Confusion reigns supreme when it comes to finding the panacea for Somalia’s security frailties. Upward of 500 US Special Forces are in the country, tasked with targeting Al Shabaab training camps and also to help train Amisom and the Somali National Army.
On top of this, thousands of Somali army units are receiving their training in Uganda, the Sudan as well as Djibouti and thrown into the mix are a Mogadishu-based UAE military facility and a Turkish military academy. The worry is that, with Amisom’s withdrawal ongoing, there is no uniformity or cohesion in the national army of the country.
Time and again, the work of the security apparatus in Somalia has been found wanting and the quality and efficacy of detection has been questioned. In an opinion piece in the New York Times, Mr Sanbalolshe, however, points a finger away from his men and women, explaining that the country does not have forensic labs and lacks the necessary expertise to deal with the investigative challenges arising from the explosions.
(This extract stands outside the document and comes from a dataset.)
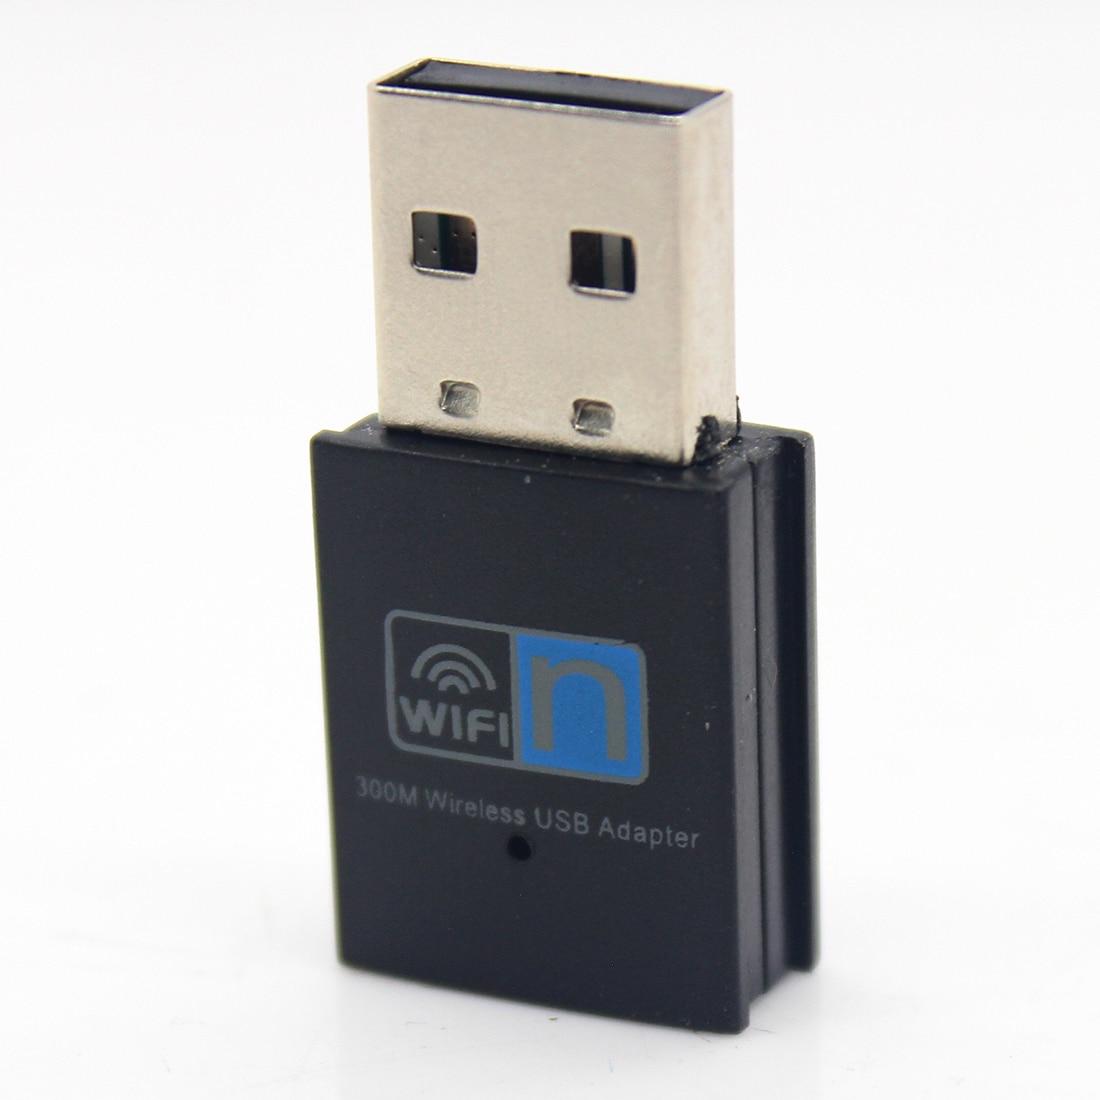 NOYOKERE Mini 300M USB2.0 RTL8192 Wifi Dongle WiFi Adapter Wireless Wifi Dongle Network Card 802.11 N/g/b Wi Fi LAN Adapter

He laments the dearth of technical skill in the security structures, all the more made worse by the fact that when the intelligence at the crime scene — explosive residues, the detonators, the sim cards, the DNA of the perpetrators and fingerprints — is gathered and removed by Somalia’s US, British and UN partners, the results of the investigation are neither returned nor is the information shared with Somalia intelligence.
Describing the nation’s partners as unscrupulous carpetbaggers with unconscionable meanness, he argues that this lack of information sharing is hampering the decision-making of the security structures.
With the Somali National Army not equipped to take over from Amisom, and Amisom engaged in corruption and selling weapons to Al Shabaab, Kenya accused of exporting charcoal, Ethiopia suspected of having its own designs, the US, Britain and the UN’s information-sharing not forthcoming, is there any wonder why there has been no tangible progress in the fight against the terrorists in Somalia?
Unless the arms embargo is lifted and there is cohesion in the way Somalia’s partners collaborate with its security apparatus, my fear is that we will witness an attack a lot worse than the one on October 14, at Zoobe junction.